RMSE = 0.03616
So, using daily returns as data (where 0.01 is equivalent to 1%), and using a persistence model as my baseline model (today’s predicted return is the same as yesterday’s return), we have the above value for the RMSE (root mean squared error) as calculated by scikit-learn. That is nearly 4% and actually seems pretty big to me given that daily returns are usually less than that. I guess there must be a few big values in there somewhere. Hopefully it won’t be too hard to improve on that result. The code is:
import pandas as pd
from sklearn.metrics import mean_squared_error
df = pd.read_csv('data/btc.csv', usecols=['date', 'close'], index_col='date', parse_dates=True)
df_returns = df['close'].to_frame().pct_change()
df_returns.rename(columns={'close': 't'}, inplace=True)
df_returns.insert(0, 't-1', df_returns['t'].shift(1))
df_returns.dropna(inplace=True)
X = df_returns['t-1'].to_numpy()
y = df_returns['t'].to_numpy()
test_limit = 700
X_train, X_test = X[:test_limit], X[test_limit:]
y_train, y_test = y[:test_limit], y[test_limit:]

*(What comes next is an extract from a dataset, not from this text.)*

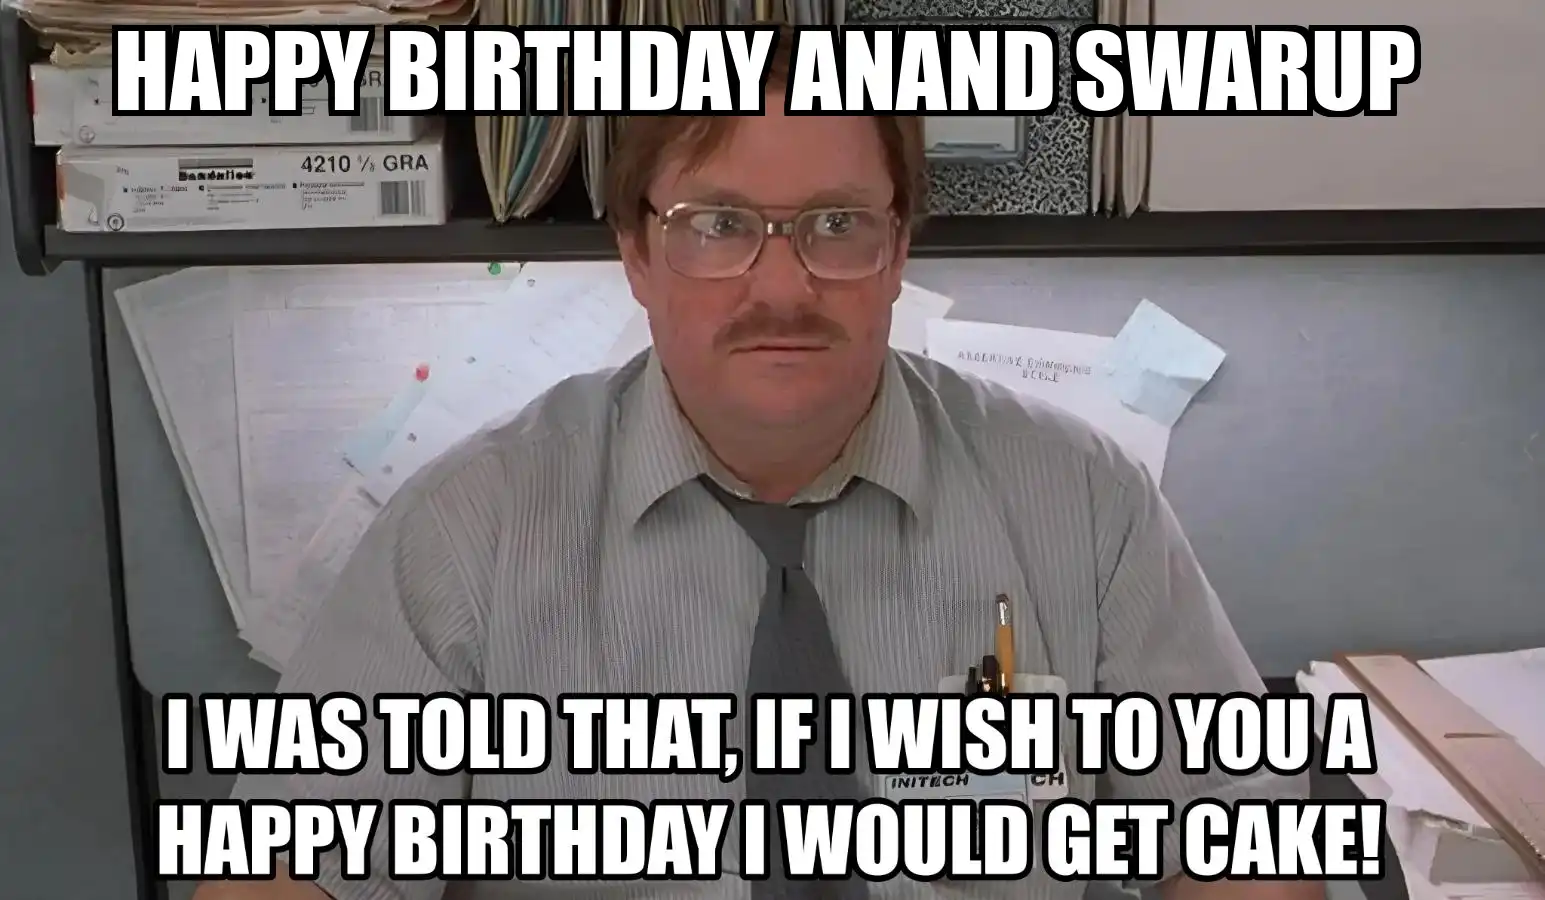 Happy Birthday Anand Swarup I Would Get A Cake Meme

loss = mean_squared_error(y_test, X_test)
print(loss)
Because the usual procedure for developing an ML model is to train the model on a portion of the data and then test it on the remaining data I have only used the test data here for calculating the MSE, even though the persistence model doesn’t require training. Just to have a result that is comparable to results produced by actual ML models.